WORK TO BE COMPLETED :: Below are entries; output exactly the lines from the one with "vektorillustration av en" to the one with "تريب لايت B064-016-02-IPG", both included, and nothing else.

THE INPUT ::
○ ○ ○ ○ ○ ○ ○

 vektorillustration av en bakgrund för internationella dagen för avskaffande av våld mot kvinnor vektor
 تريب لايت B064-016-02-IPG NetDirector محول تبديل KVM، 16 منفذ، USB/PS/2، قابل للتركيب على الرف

○ ○ ○ ○ ○ ○ ○

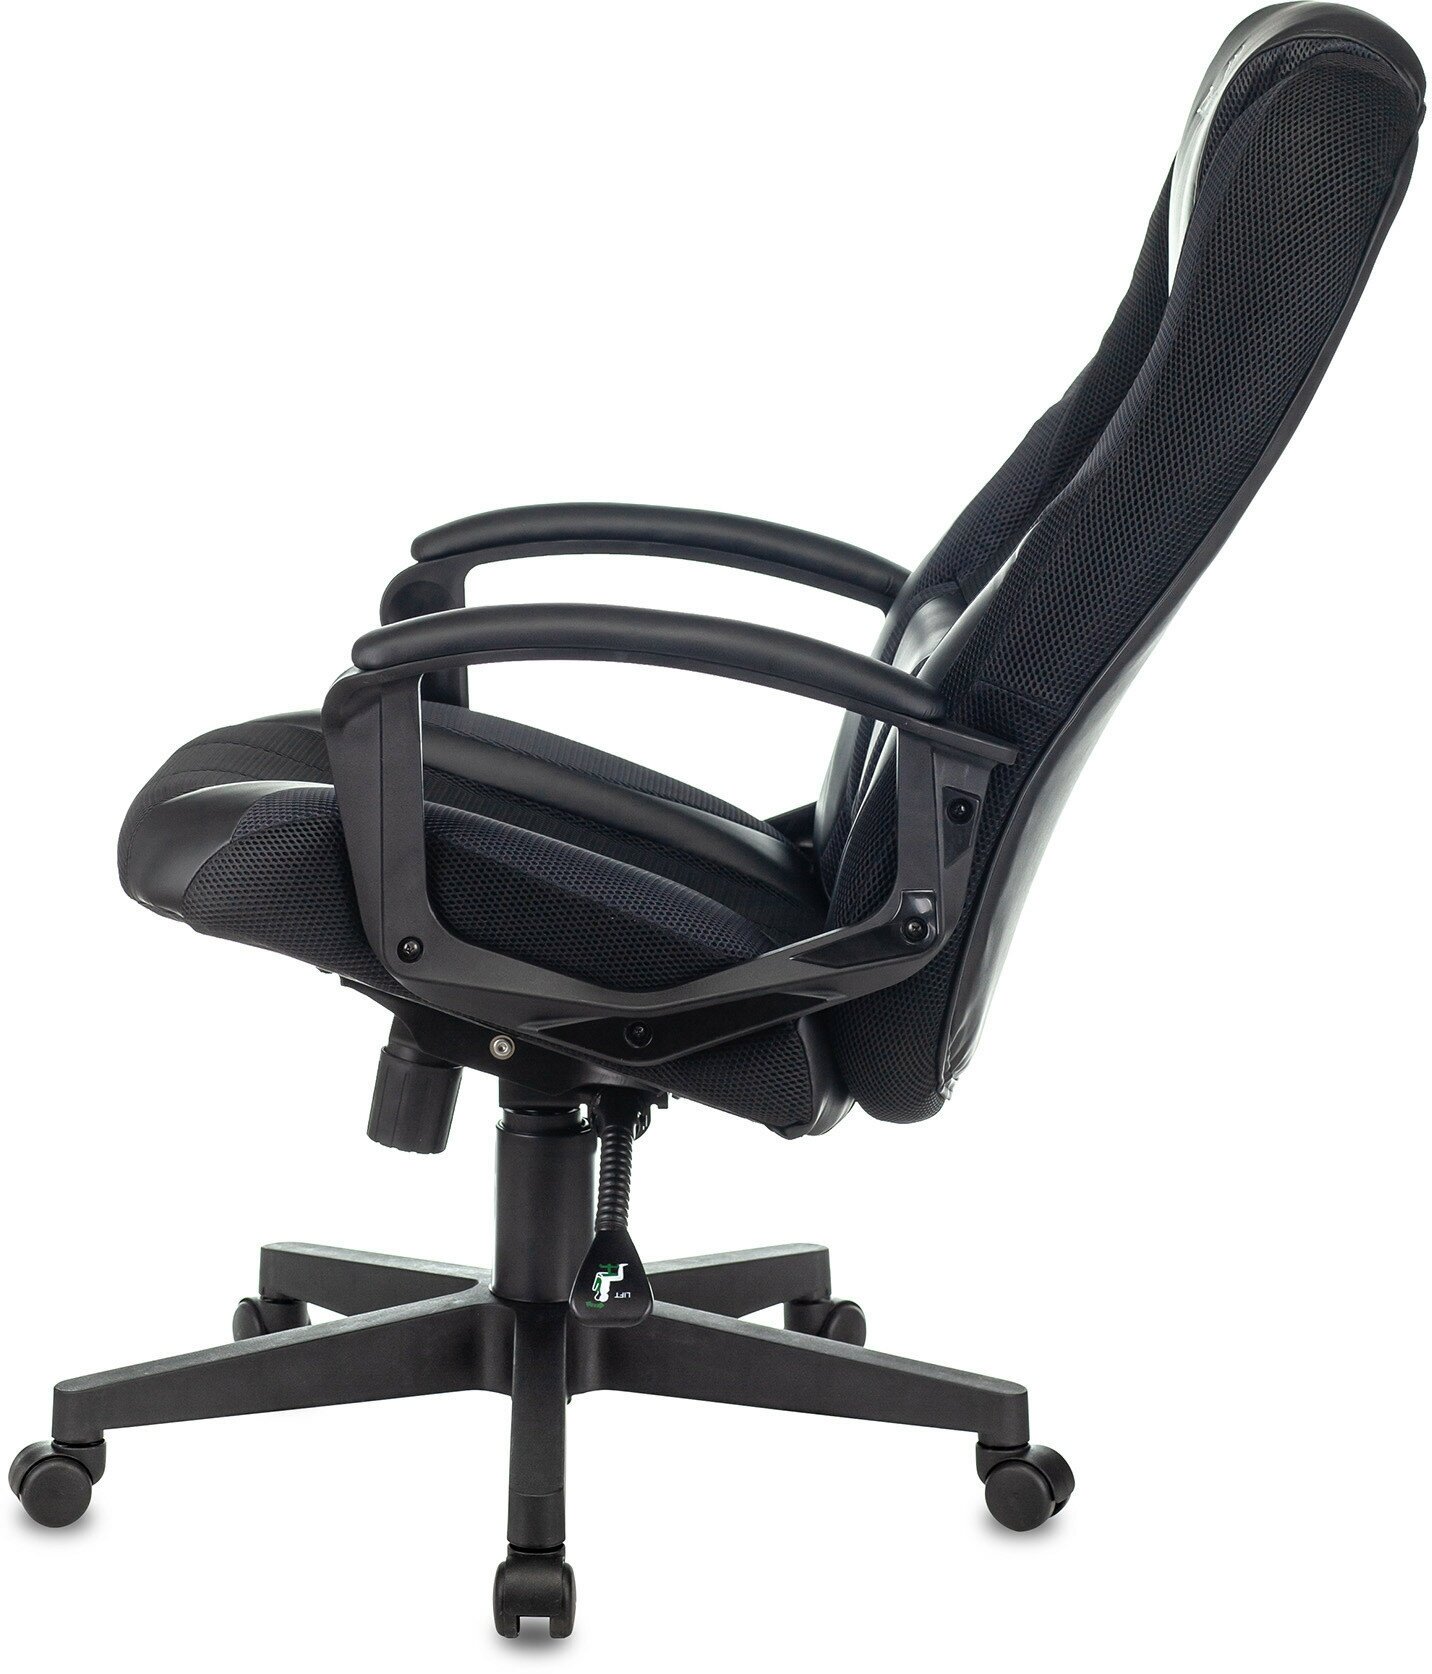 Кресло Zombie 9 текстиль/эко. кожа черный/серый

○ ○ ○ ○ ○ ○ ○

EXPECTED OUTPUT ::
 vektorillustration av en bakgrund för internationella dagen för avskaffande av våld mot kvinnor vektor
 تريب لايت B064-016-02-IPG NetDirector محول تبديل KVM، 16 منفذ، USB/PS/2، قابل للتركيب على الرف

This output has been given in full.